### ACTION ITEM
All records below must be written out exactly, with the pictures excluded.

### SUPPLIED MATERIAL
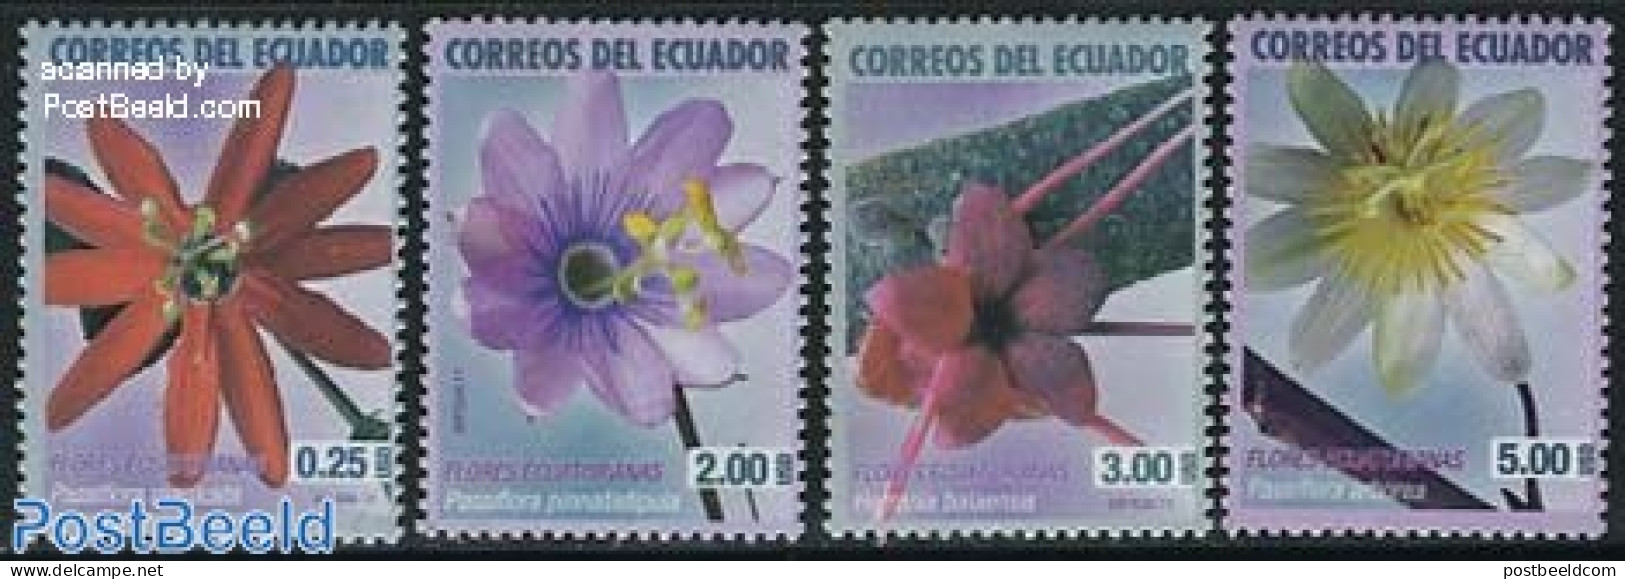 Ecuador 2011 Flowers 4v, Mint NH, Nature - Flowers & Plants - Ecuador
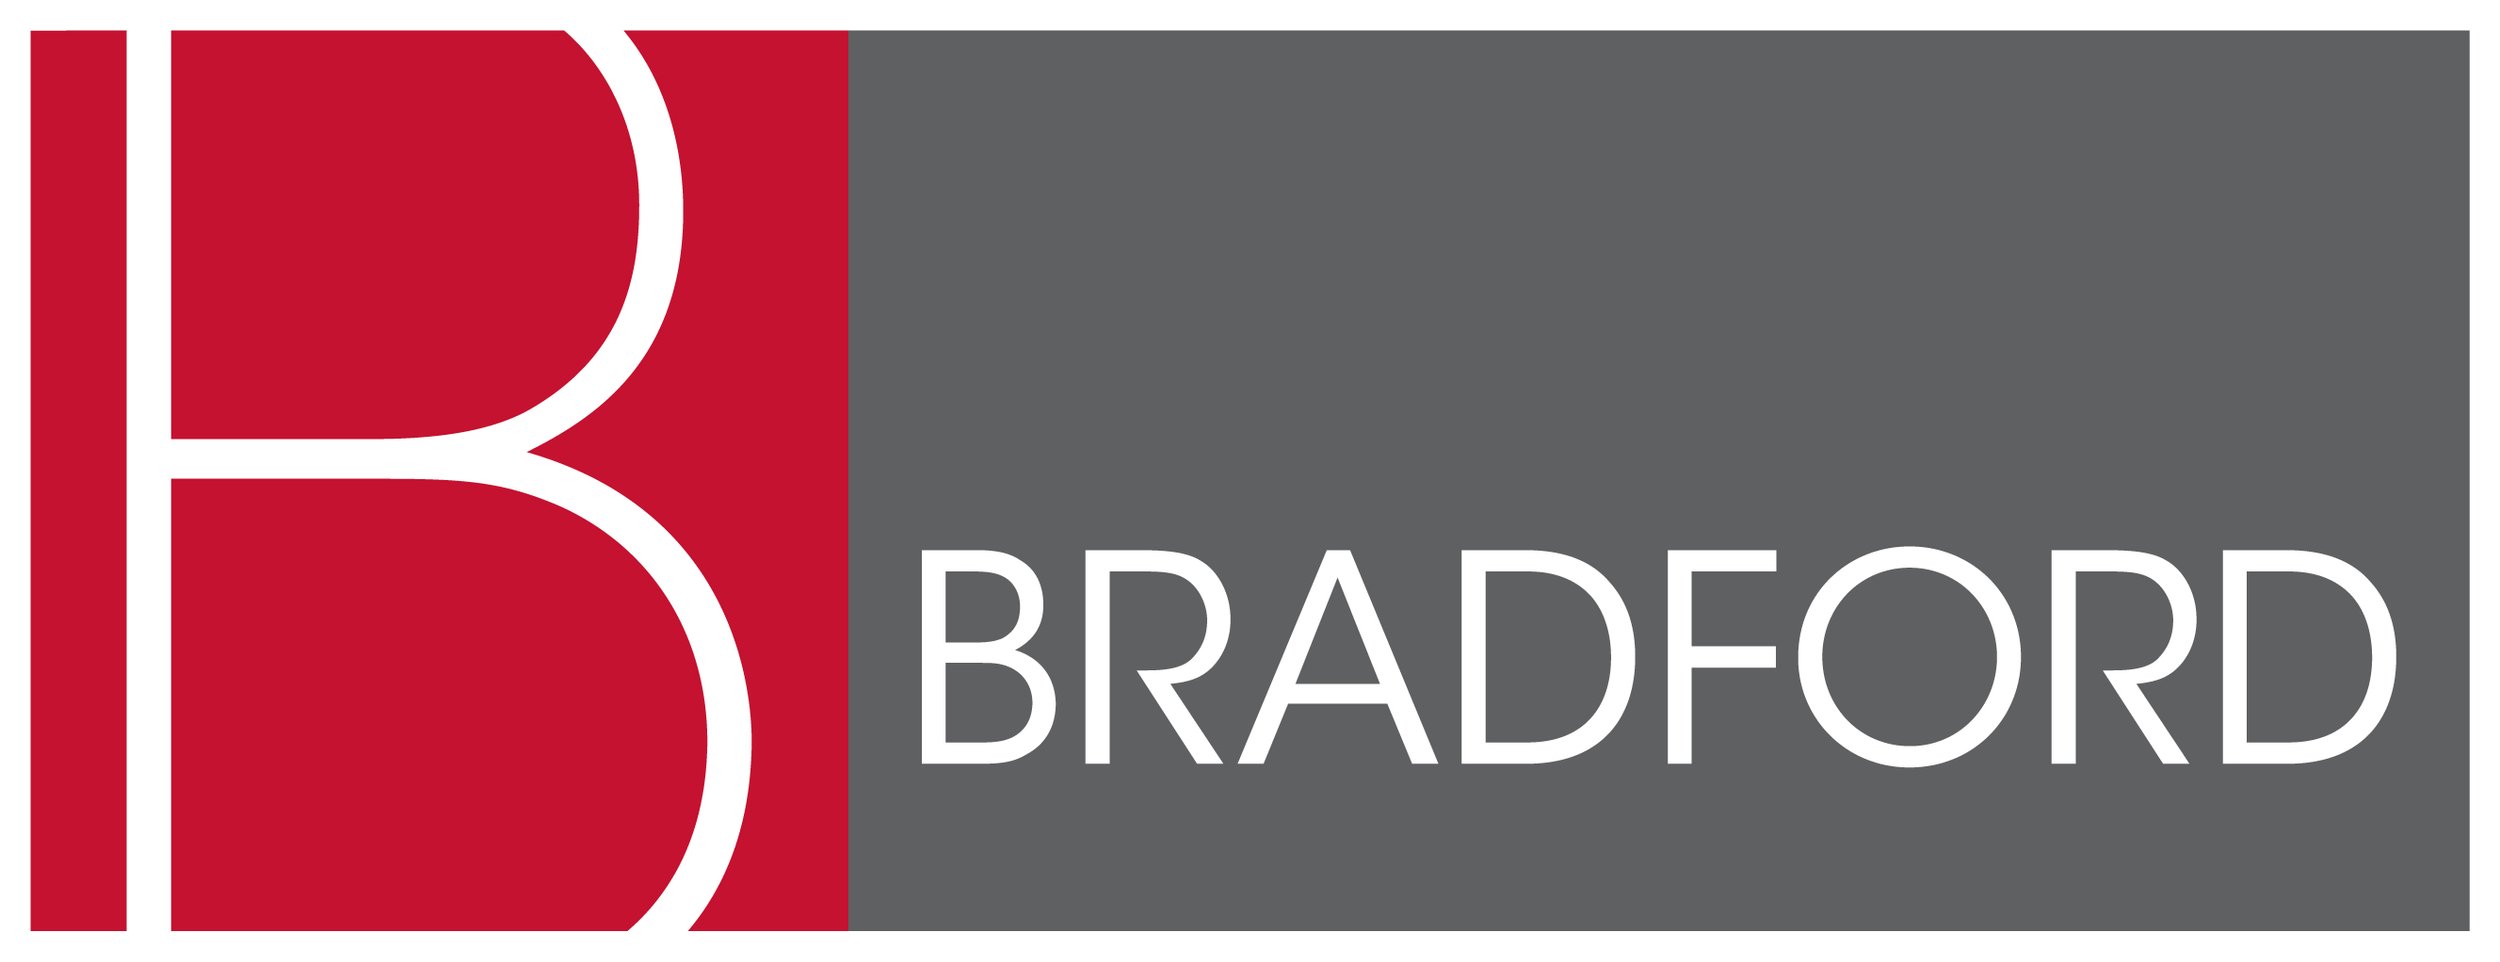 Bradford logo_color_300dpi.jpg
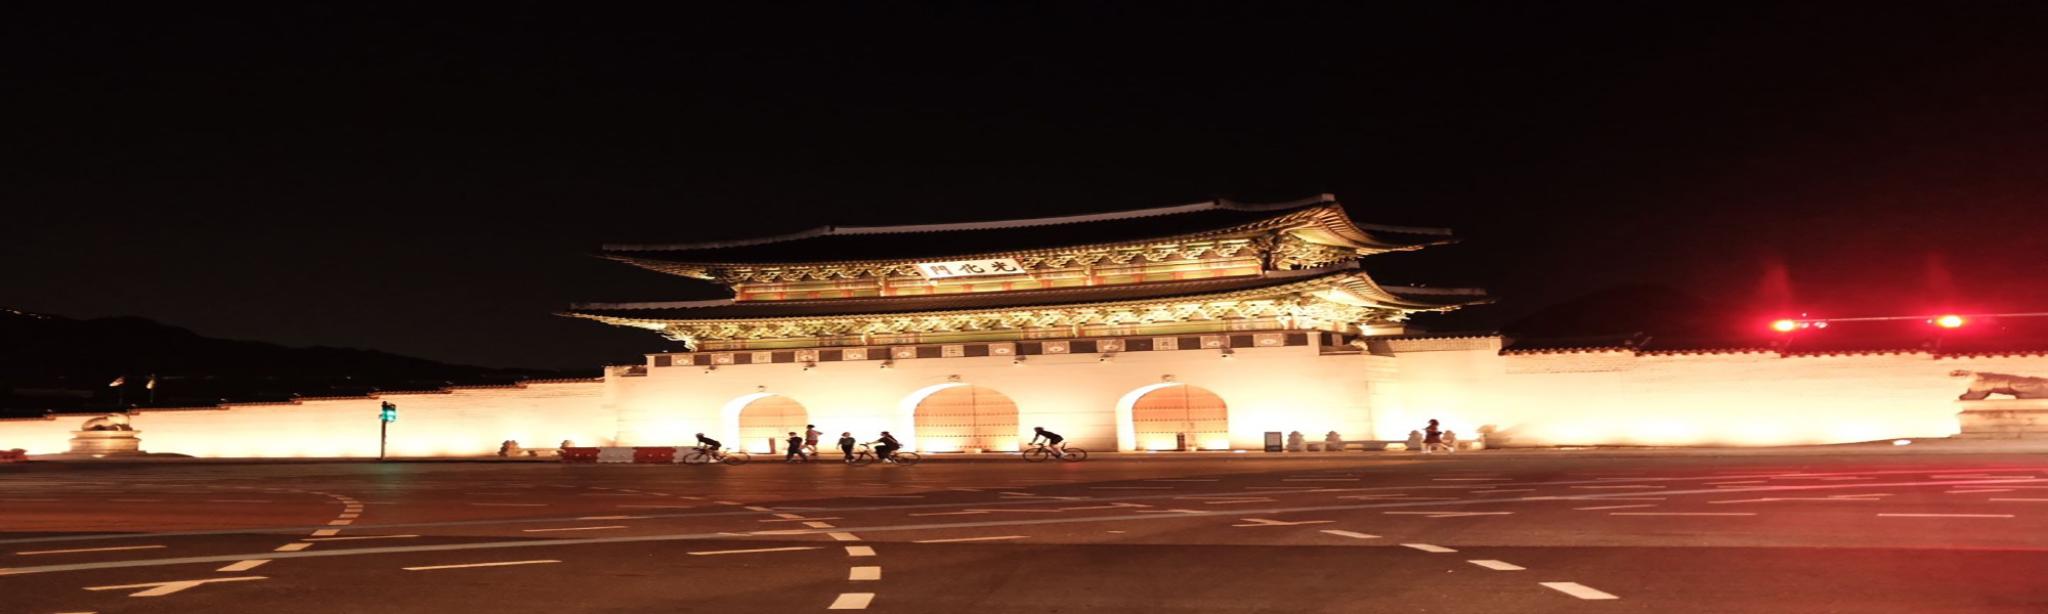 korean palace night view
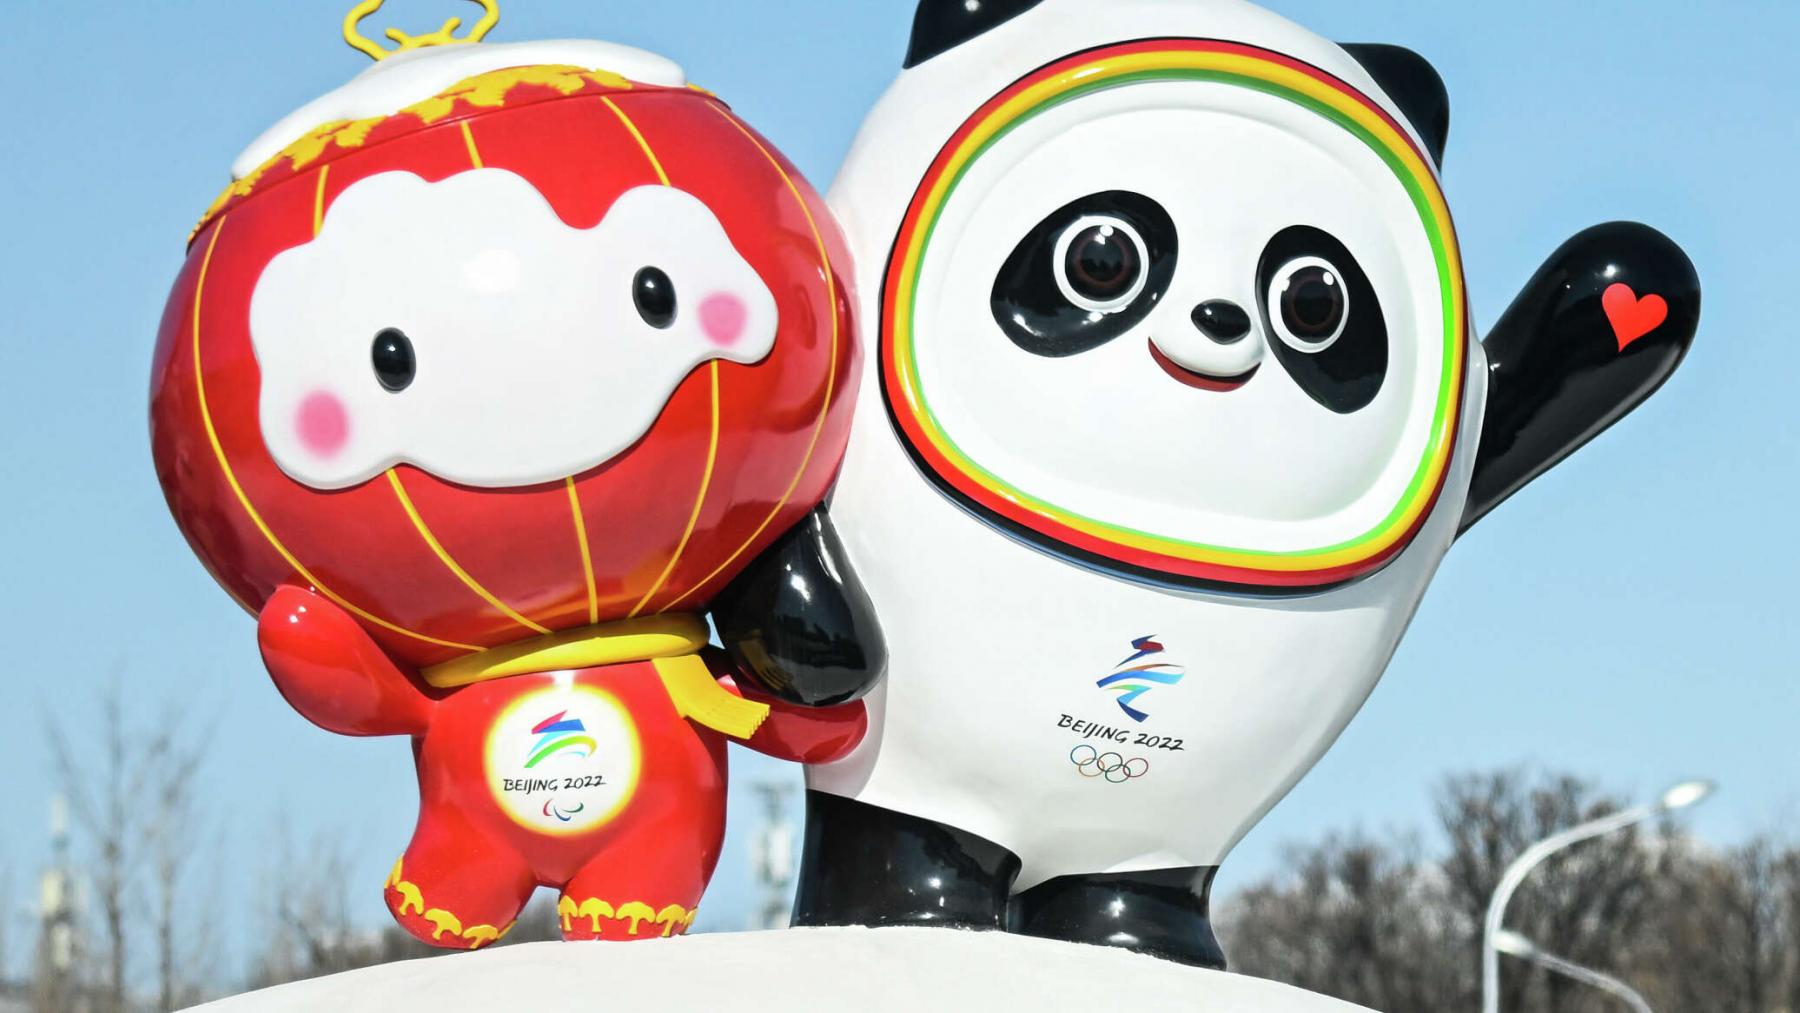 Фото Программа Олимпиады-2022 в Пекине – полное расписание соревнований 6
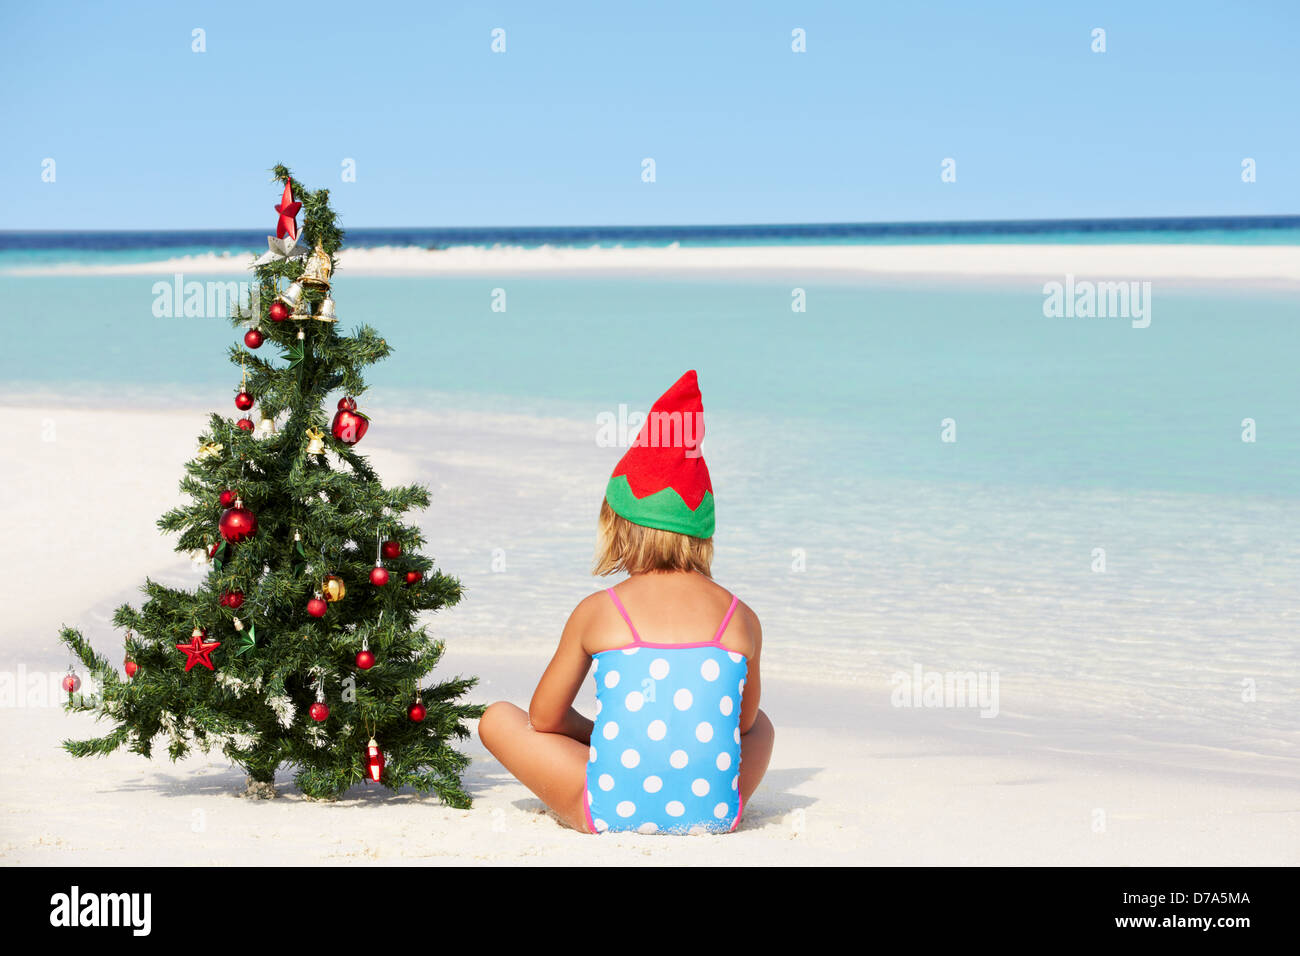 Albero Di Natale Estivo.Ragazza Seduta Sulla Spiaggia Con Albero Di Natale E Hat Foto Stock Alamy

### SOLUTION TO THIS PROBLEM
 Ecuador 2011 Flowers 4v, Mint NH, Nature - Flowers & Plants - Ecuador
 Bradford logo_color_300dpi.jpg
 korean palace night view
 Фото Программа Олимпиады-2022 в Пекине – полное расписание соревнований 6
 Albero Di Natale Estivo.Ragazza Seduta Sulla Spiaggia Con Albero Di Natale E Hat Foto Stock Alamy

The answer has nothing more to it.